PROBLEM >> Make the copy match the entries below exactly, with no pictures carried over.

Extracted data entries

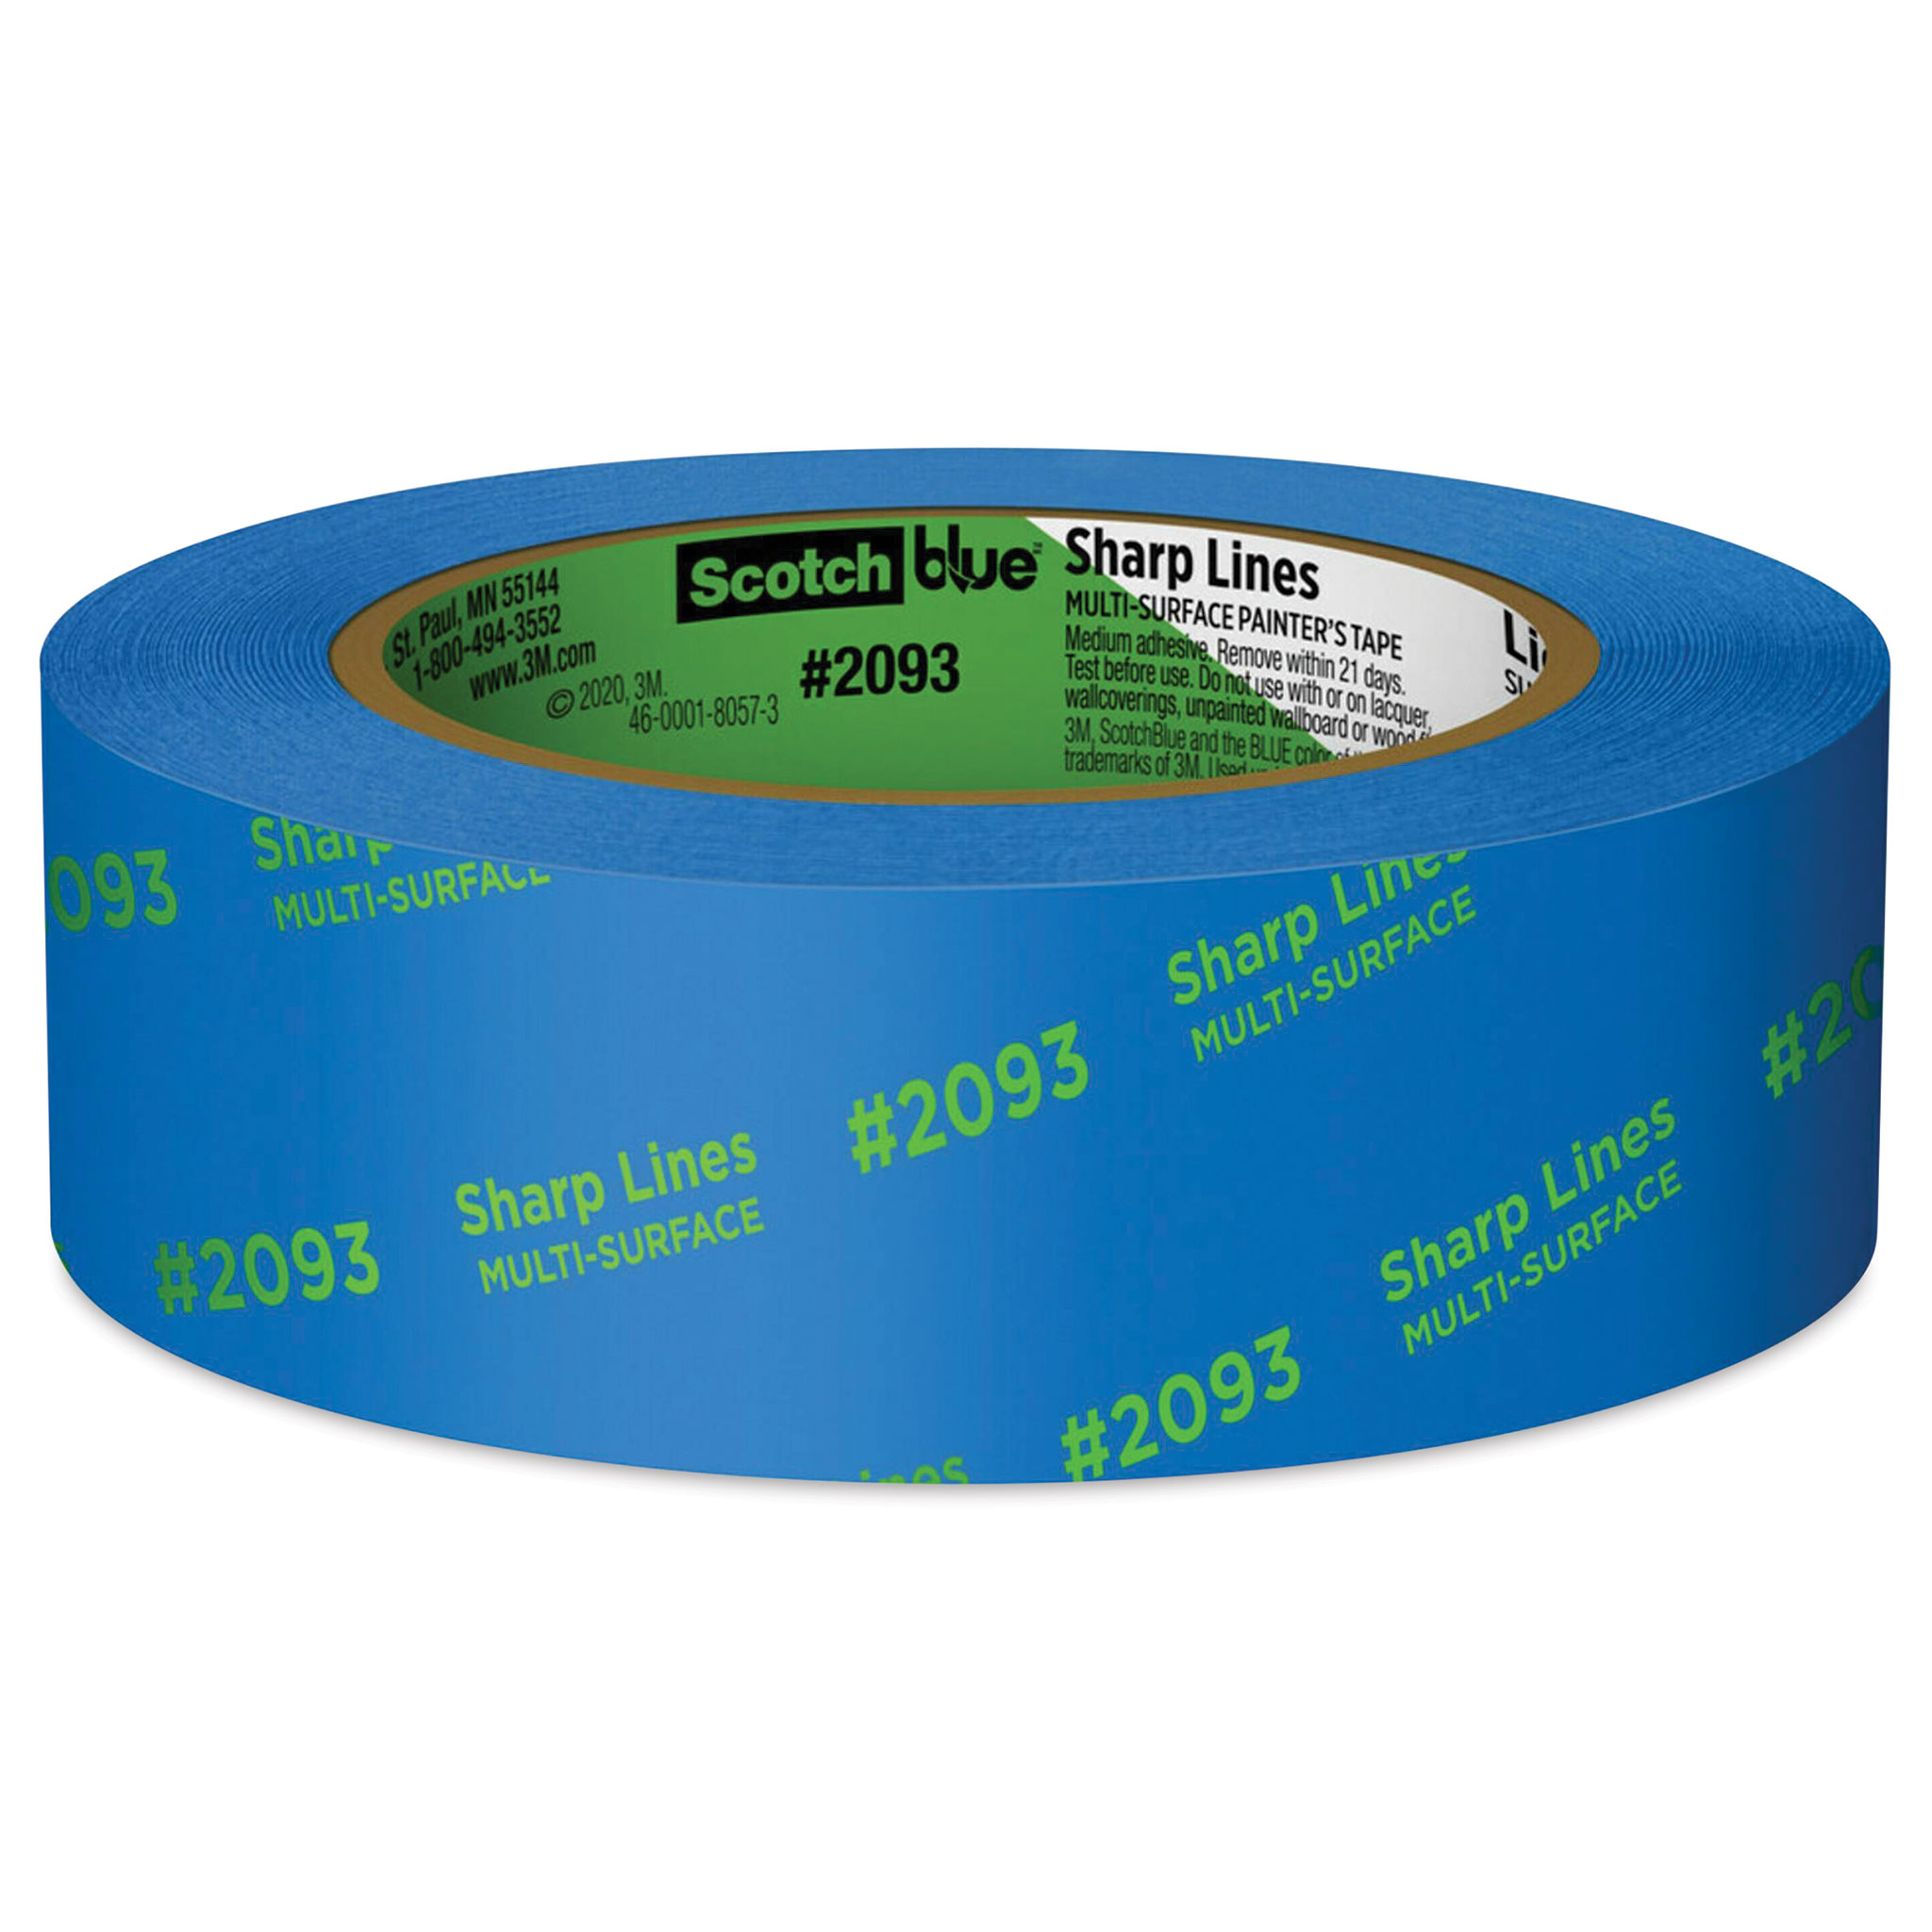 Colored Masking Tape,colored Painters Tape For Arts And Crafts, Labeling Or  Coding - 6 Different Co
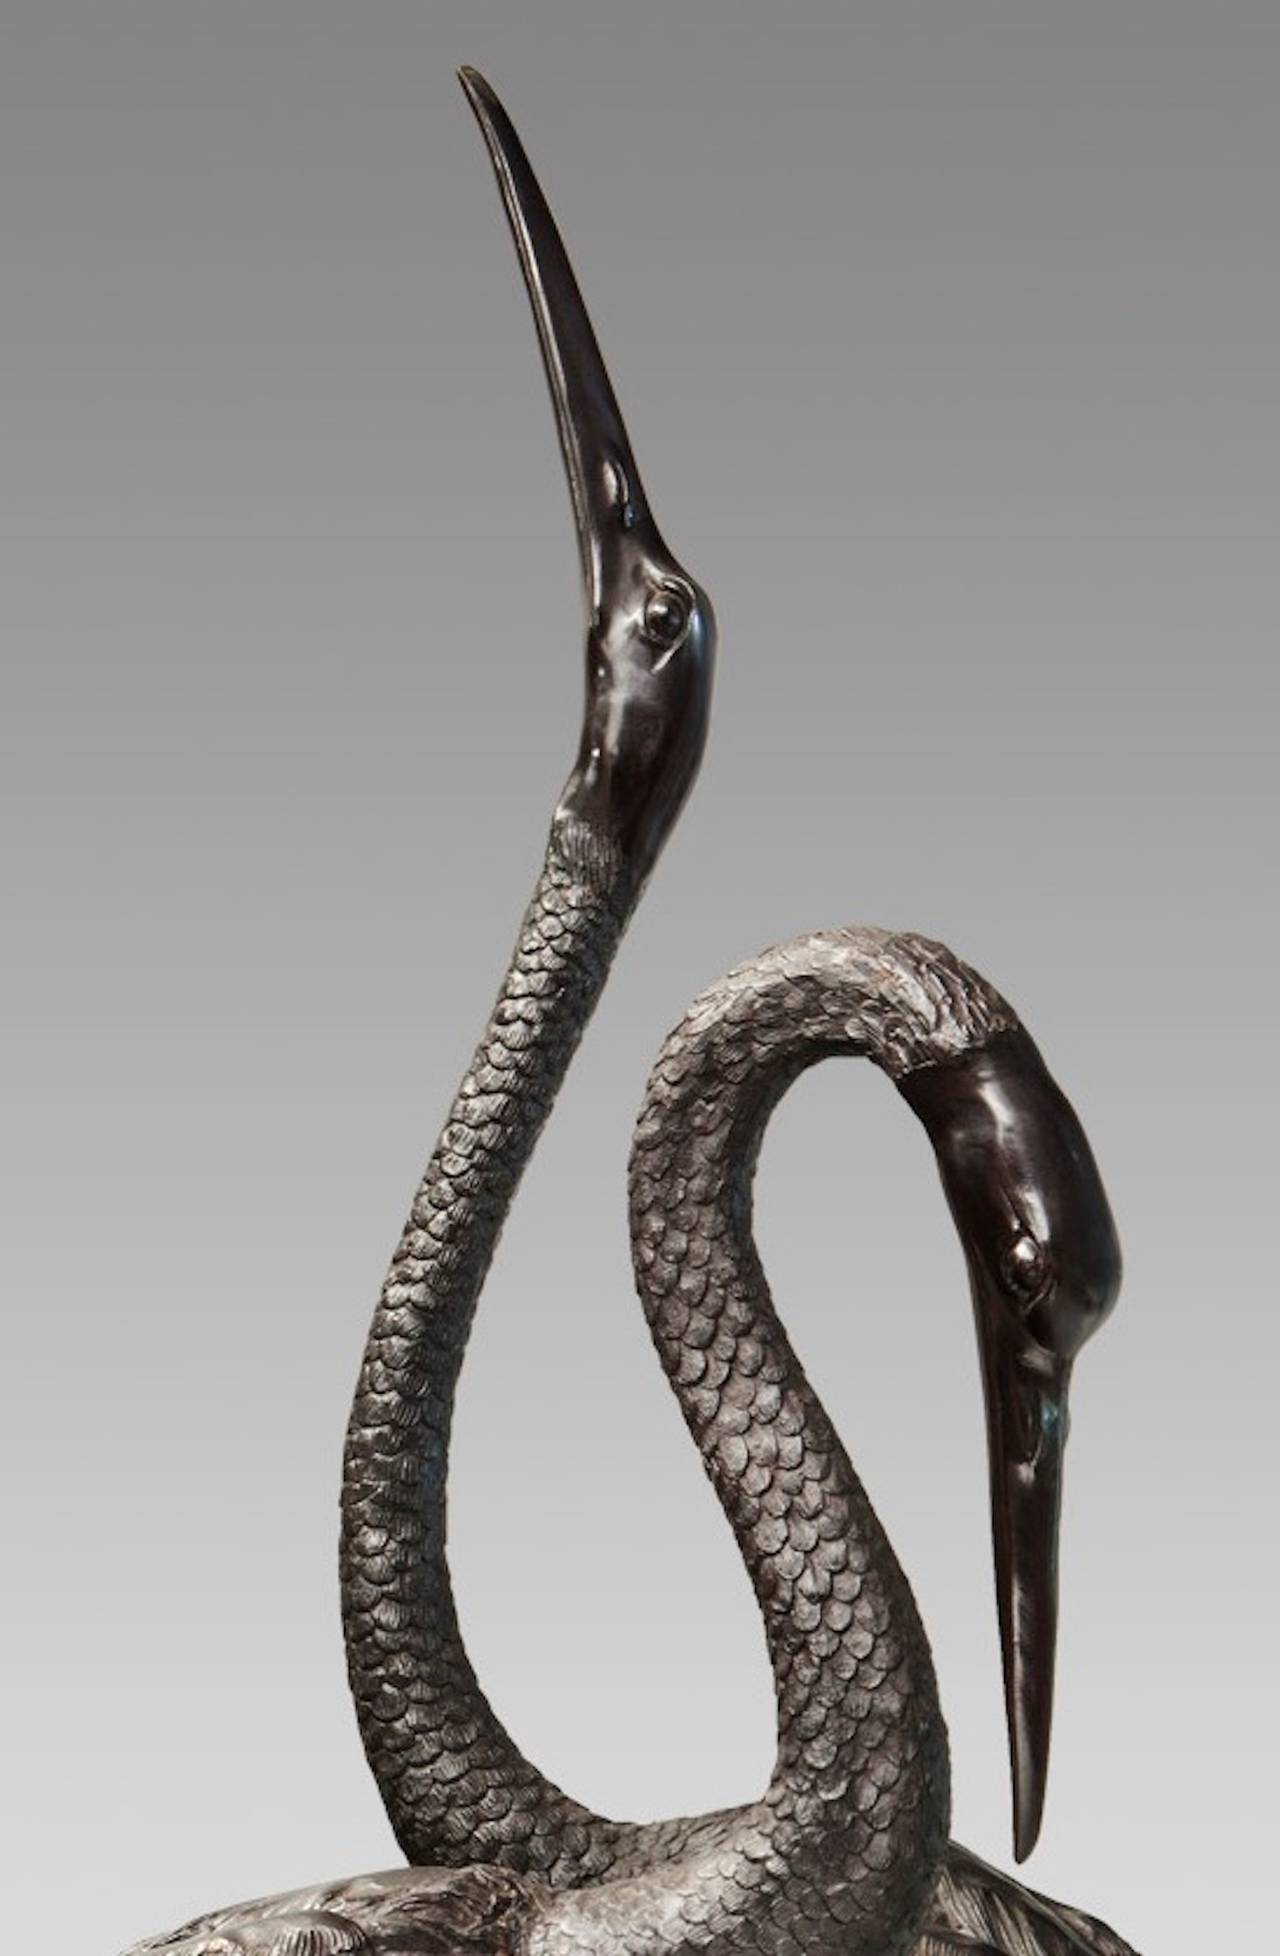 Spectacular and great pair of cranes in Japanese patinated bronze, 20th century. Featuring realistic details of feathers ridged legs and webbed feet.
Measures:
Height: 214 cm. / 165 cm.
Depth: 63 cm. / 65 cm.
Width: 30 cm. / 30 cm.

ANSWER SPACE >>
 Colored Masking Tape,colored Painters Tape For Arts And Crafts, Labeling Or  Coding - 6 Different Co
 Spectacular and great pair of cranes in Japanese patinated bronze, 20th century. Featuring realistic details of feathers ridged legs and webbed feet.
Measures:
Height: 214 cm. / 165 cm.
Depth: 63 cm. / 65 cm.
Width: 30 cm. / 30 cm.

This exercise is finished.